From the passenger’s perspective, ride-hailing services like Uber and Lyft offer a preview of what self-driving cars are supposed to deliver. You tap the button and summon a vehicle, and it takes you to your pre-entered destination. Yes, there’s a person in there, but now you can opt for a “quiet” ride, silencing the human who just happens to be sitting in the driver’s seat.

In New York City alone, more than than 620,000 daily trips are made like this. And, from what researchers have observed, the external impacts of this surge also hint at what the autonomous future has in store. In exchange for seamless, low-cost, car-based transport, cities across the U.S. are seeing congestion worsening, public transit ridership dipping, and more vehicle-miles wearing down roads—some of the worst-case stuff that futurists predict for when hailing a robo-car is even cheaper and easier.

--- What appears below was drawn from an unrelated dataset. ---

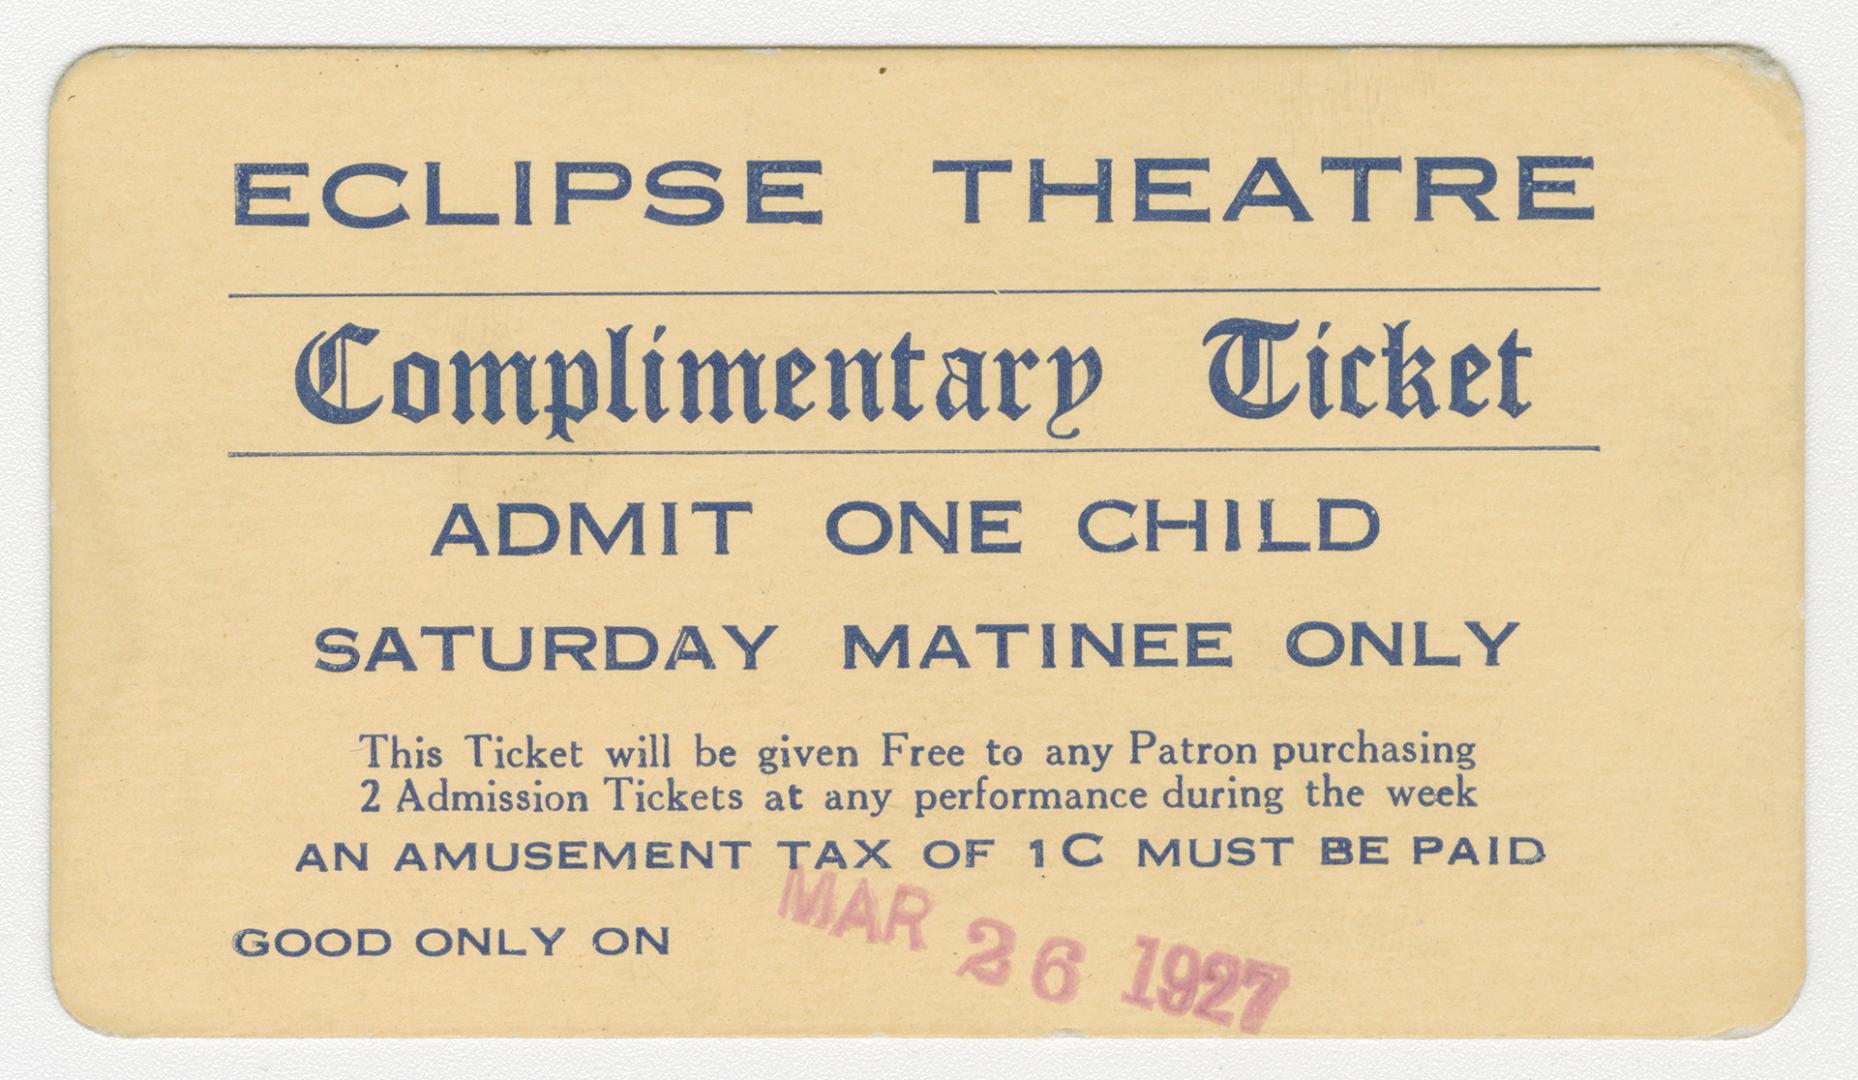 Eclipse Theatre complimentary ticket admit one child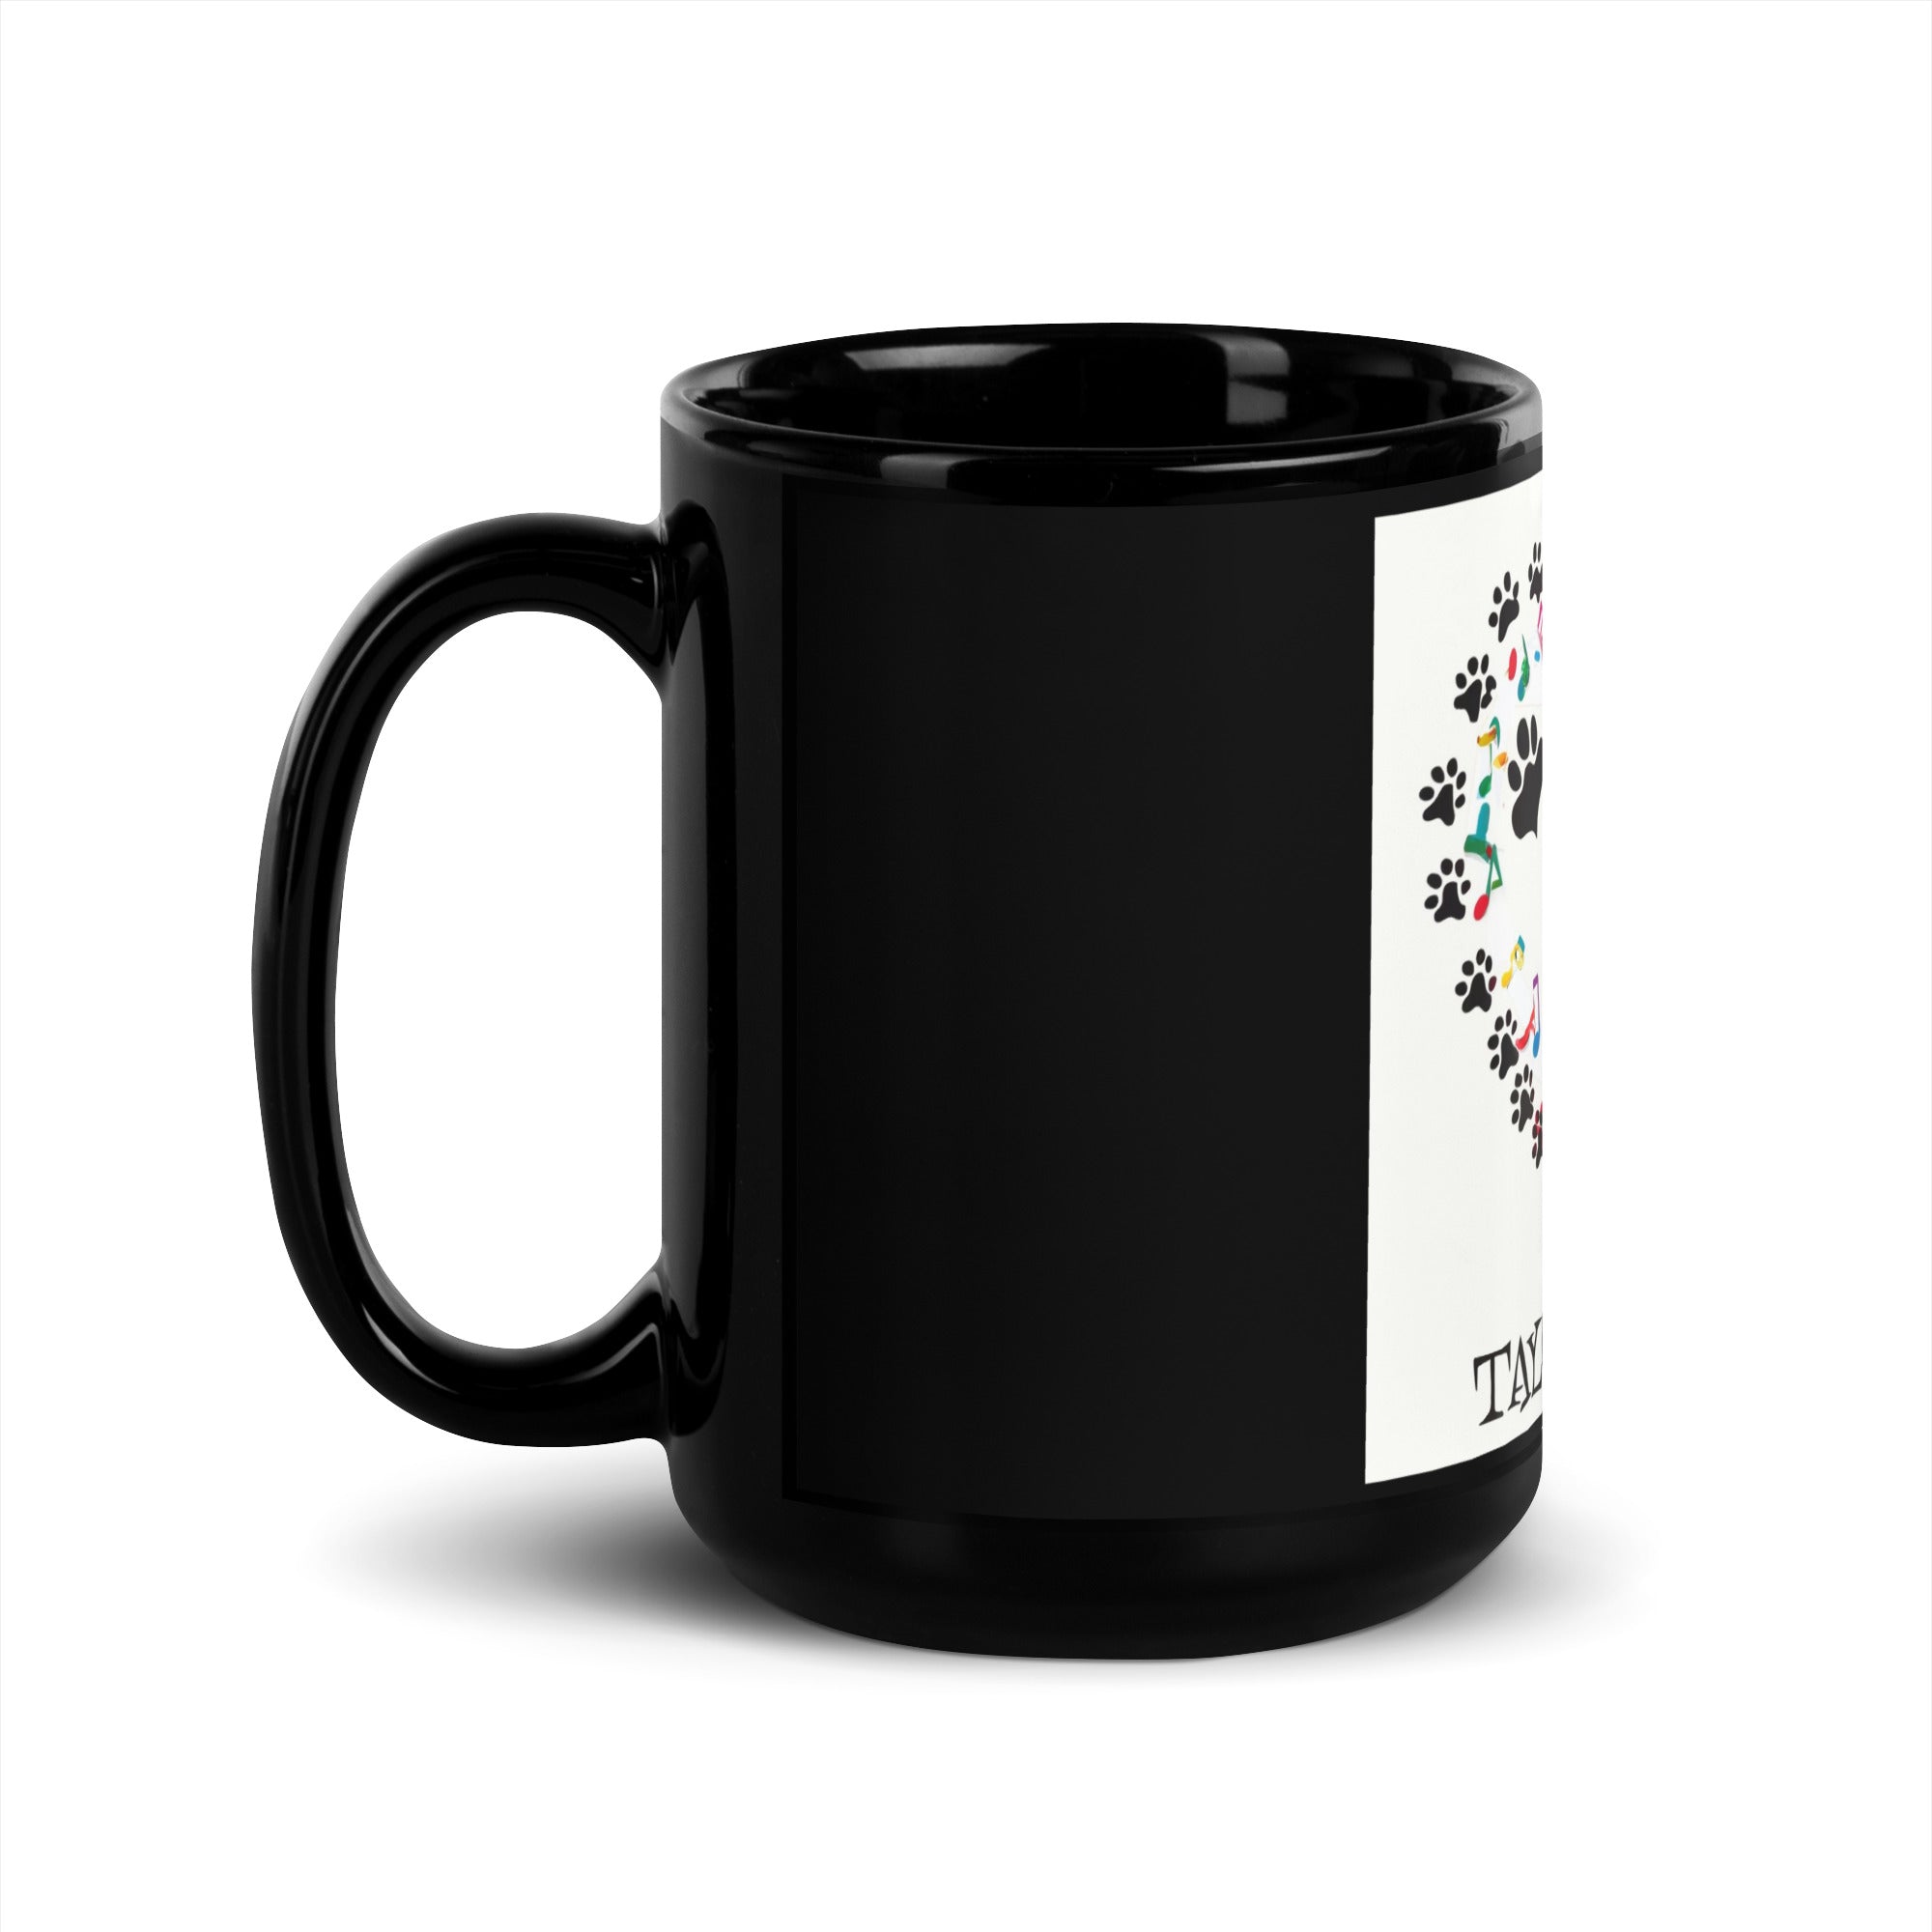 Black Glossy Mug. A Purr-fect Blend of Pet Love and Taylor Admiration!

So, given what they already know, city officials are surely taking steps to steer us away from an all-autonomous gridlocked hellscape—right? Alas, no. According to a new study published in the Journal of the American Planning Association, very few local leaders are working to anticipate the effects of self-driving cars. And though the arrival of these vehicles en masse could still be decades away, the authors write that now is a rare window of opportunity for cities to write policies that tackle both the unwanted effects of AVs as well as other big civic challenges.